I'd always been disappointed with New World's food, and gradually Gretchen and I had stopped going there. But tonight we sat down to a meal that turned out to be not only delicious, but entirely vegan as well. Ray, who has now been vegan himself for months, helpfully steering us clear of the dishes where hidden fish sauce might be lurking. I particularly liked the seitan "wings" (which come in three or four flavors; I went with the cajun). I wish I had a big basket of them to eat in front of a television.
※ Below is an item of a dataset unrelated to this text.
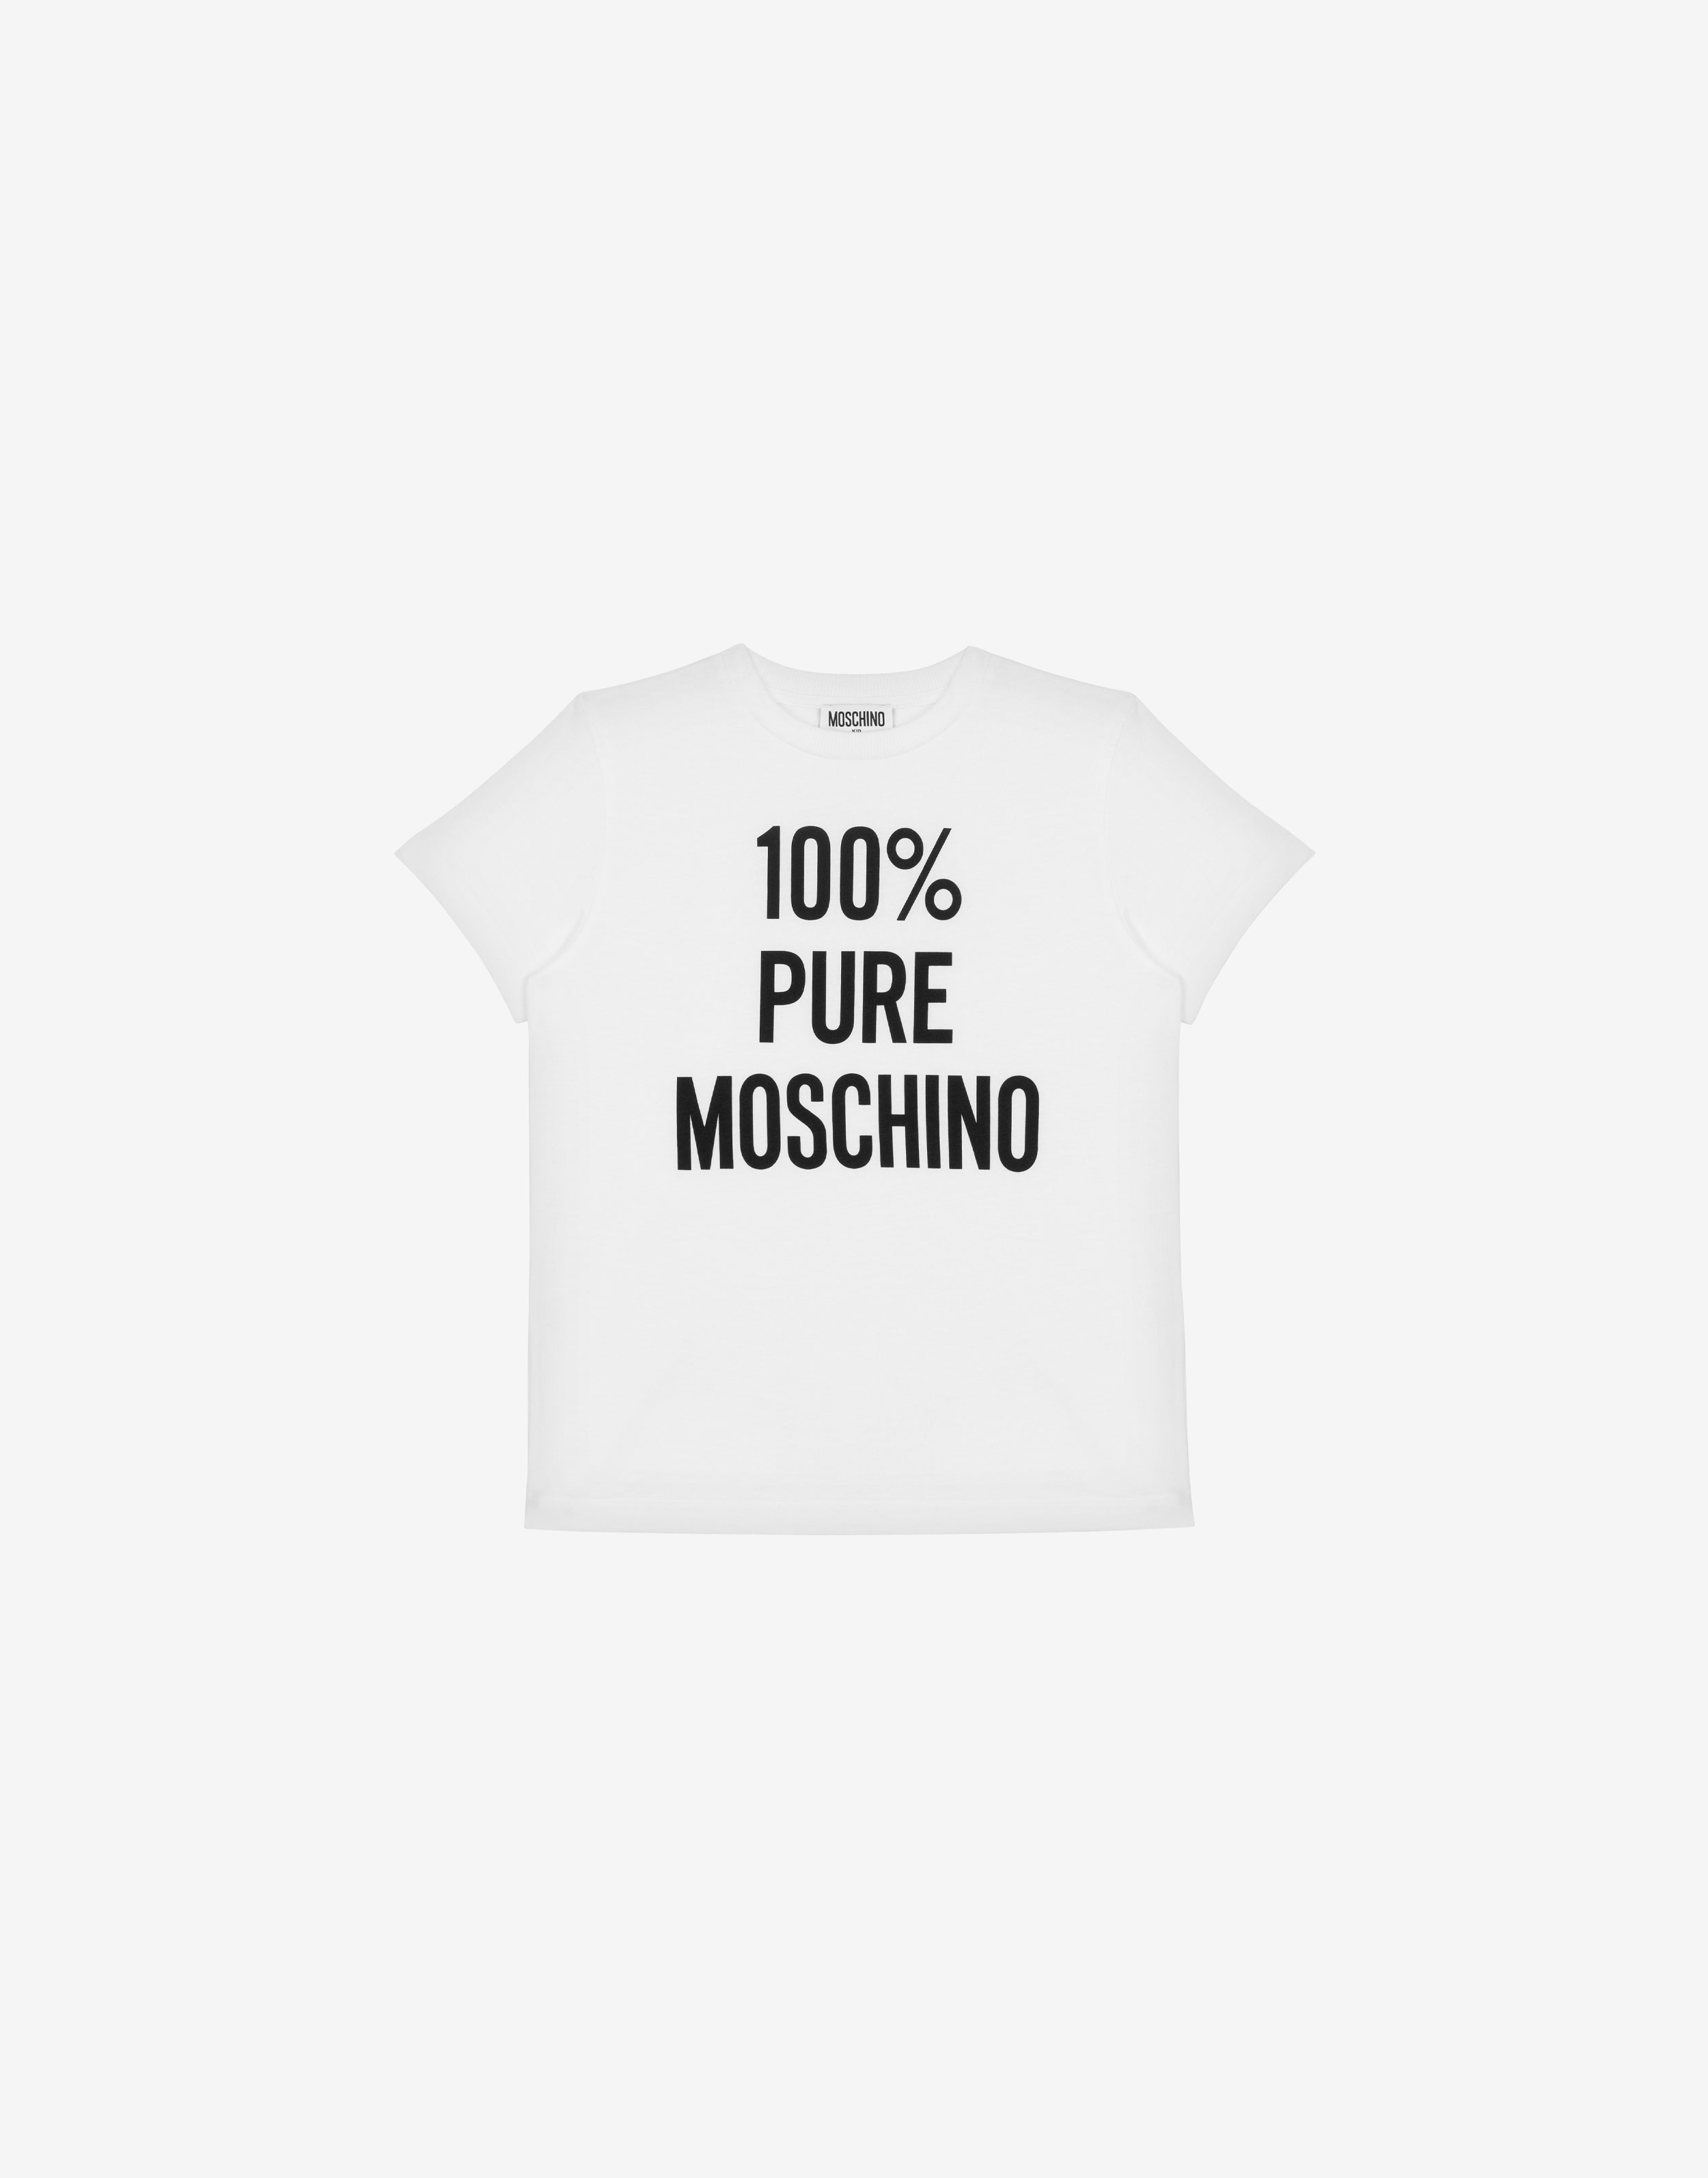 Toddler Moschino Space Shirt - Boys tops & t-shirts
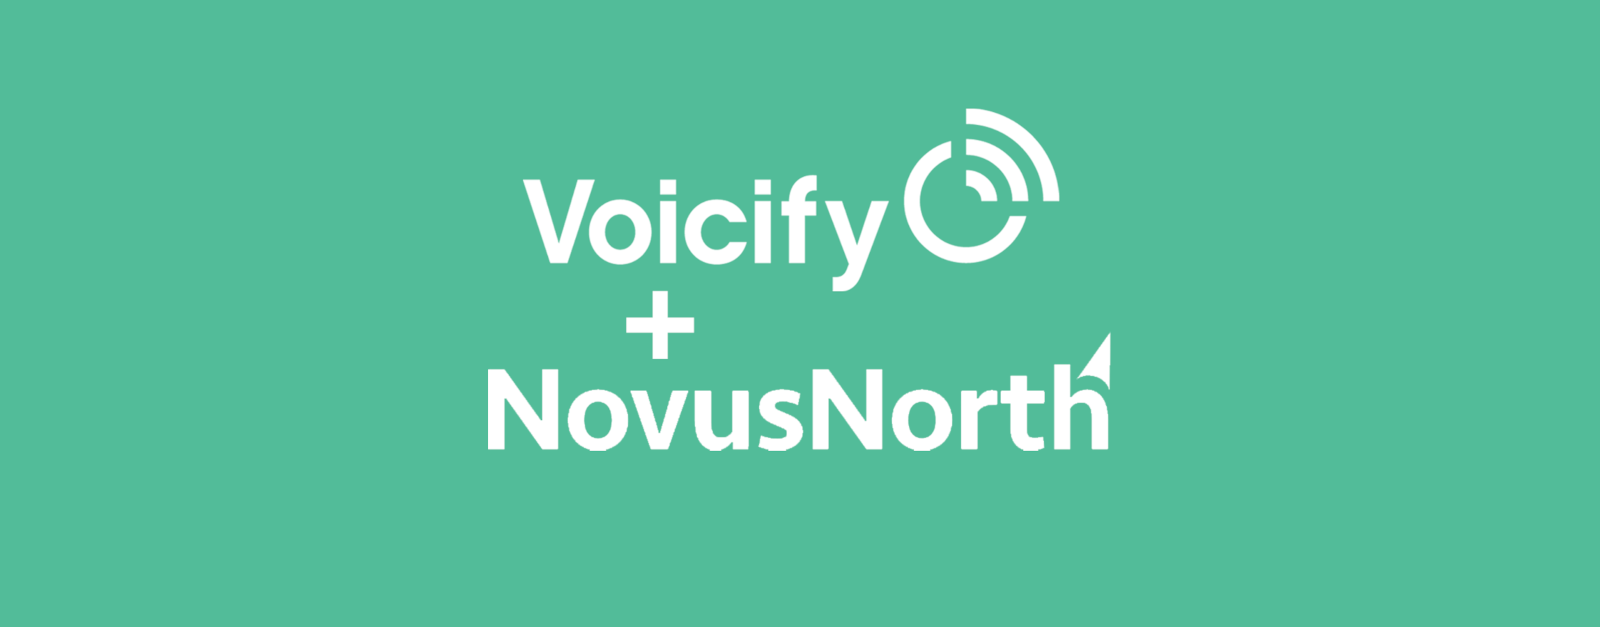 Voicify + NovusNorth

Unfortunately, they don't really seem to understand the finer points of french fry manufacturing, but part of the problem was that mine had gone soggy in something called "banana ketchup" (which proved just as unappetizing as it sounds).
At some point during the meal we were talking about dinner flatware sets, and how (as individual pieces are lost and replaced) it comes to be a hodge-podge. This gave me the opportunity to use the word "palimpsest," which isn't just one of my favorite-sounding words (to the extent that I know how to pronounce it), but it's also one of a handful of fundamental metaphors that can be mixed and matched to describe a wide variety of phenomena (another is natural selection, though that concept hasn't been encoded into single snappy Greek word).
One of the reasons people like New World has nothing to do with its food. It's a cozy environment, with walls painted in warm earthy oranges and a bar aglow with Christmas lights. It's the kind of place one wants to duck into on a savagely cold winter night.